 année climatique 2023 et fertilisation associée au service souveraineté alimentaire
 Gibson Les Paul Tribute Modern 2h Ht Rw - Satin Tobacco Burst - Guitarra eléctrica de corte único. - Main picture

==

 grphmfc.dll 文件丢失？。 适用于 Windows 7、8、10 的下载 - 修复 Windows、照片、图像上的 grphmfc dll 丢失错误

Problem:
The response should hold exactly the lines starting at the line with "année climatique 2023" and ending at the line with "Gibson Les Paul", and no other line of the material above.

Worked solution:
 année climatique 2023 et fertilisation associée au service souveraineté alimentaire
 Gibson Les Paul Tribute Modern 2h Ht Rw - Satin Tobacco Burst - Guitarra eléctrica de corte único. - Main picture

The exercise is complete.